Among the entries below, which lines run from the line with "A shelter in" through the line with "Adult Coloring Books"? Retype those, both ends included, exactly and without pictures.

──────── MATERIAL SHOWN

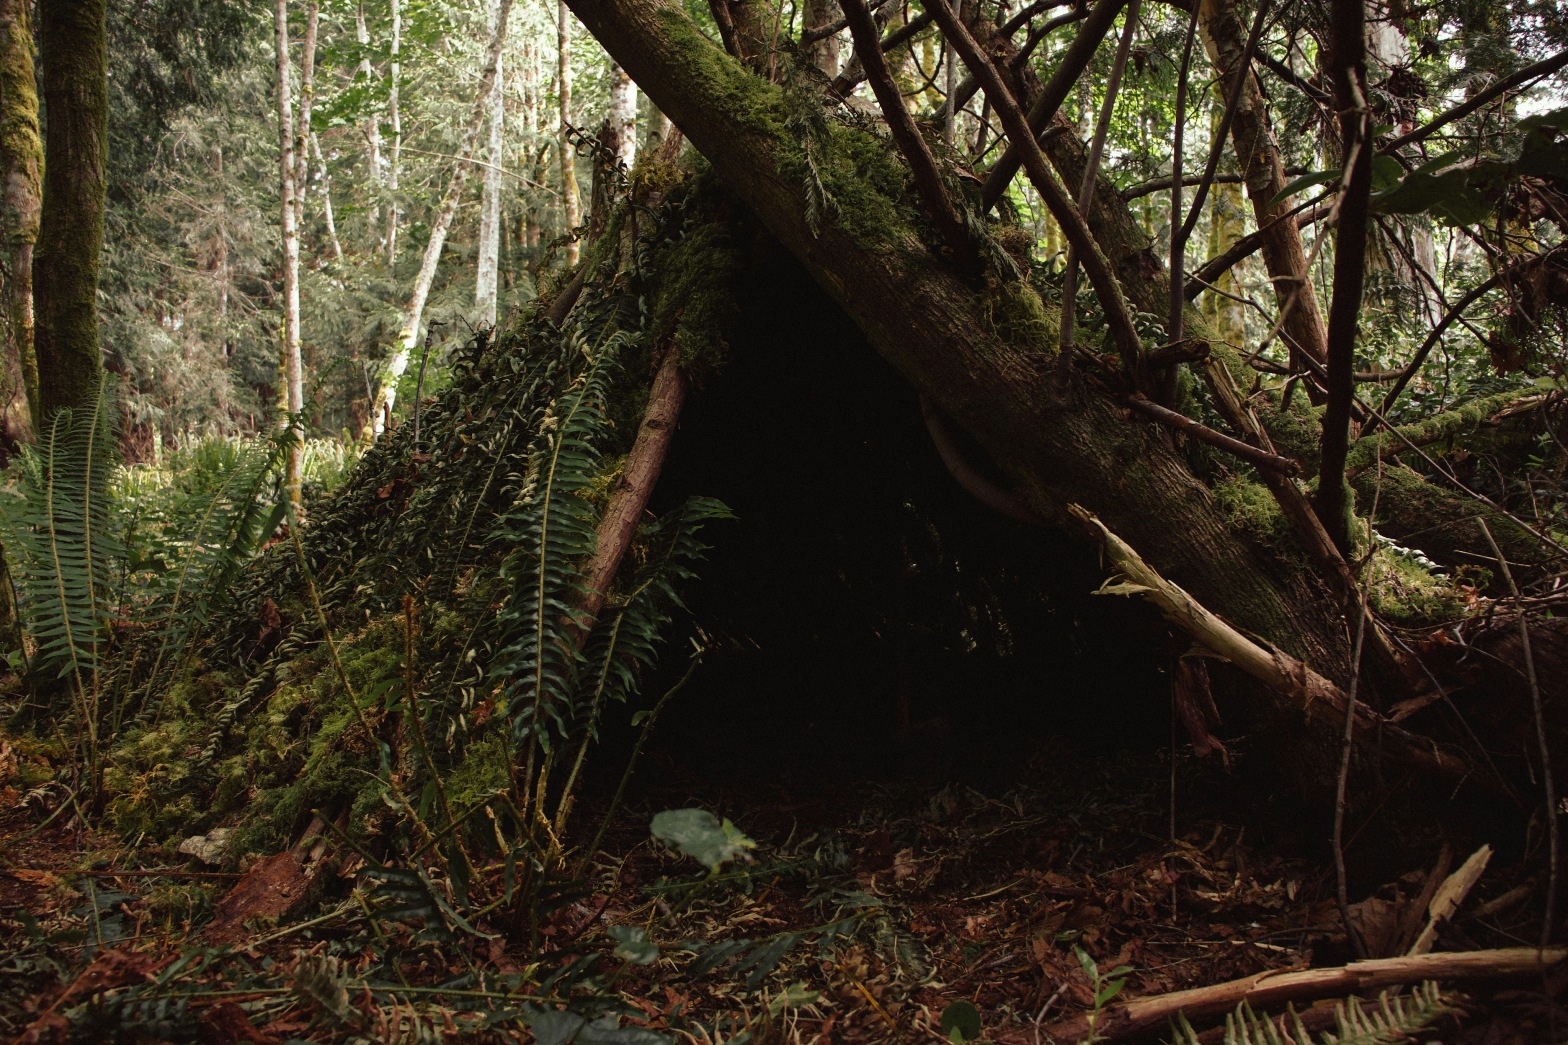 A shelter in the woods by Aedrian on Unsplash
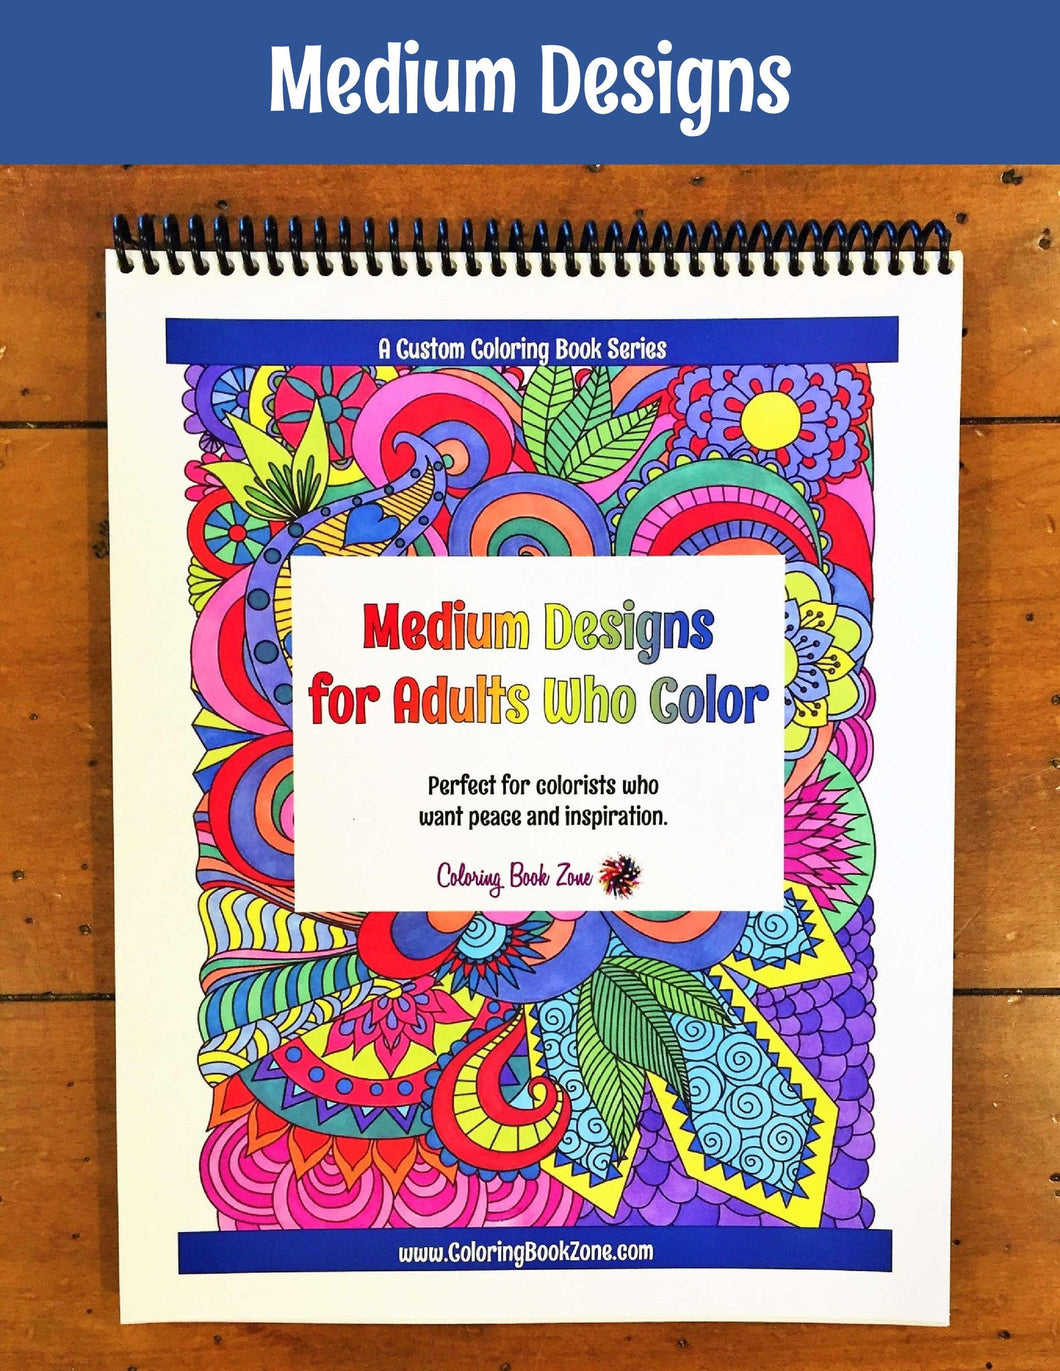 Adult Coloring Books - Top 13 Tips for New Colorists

────────────────
──────── MATERIAL SHOWN

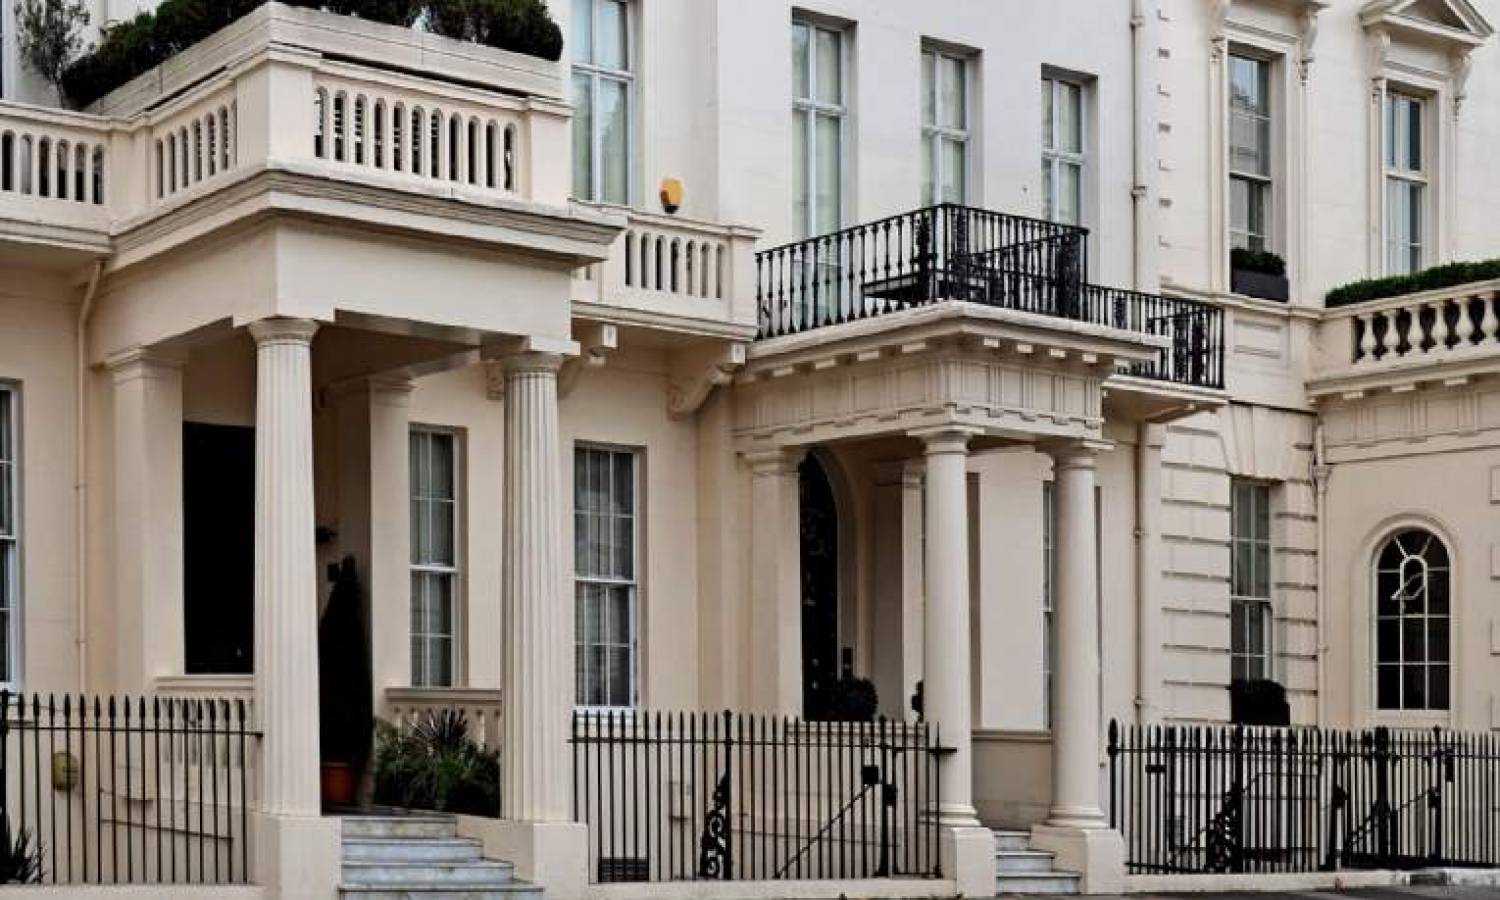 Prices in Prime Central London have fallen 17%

────────────────

■ RESPONSE TO THIS TASK:
 A shelter in the woods by Aedrian on Unsplash
 Adult Coloring Books - Top 13 Tips for New Colorists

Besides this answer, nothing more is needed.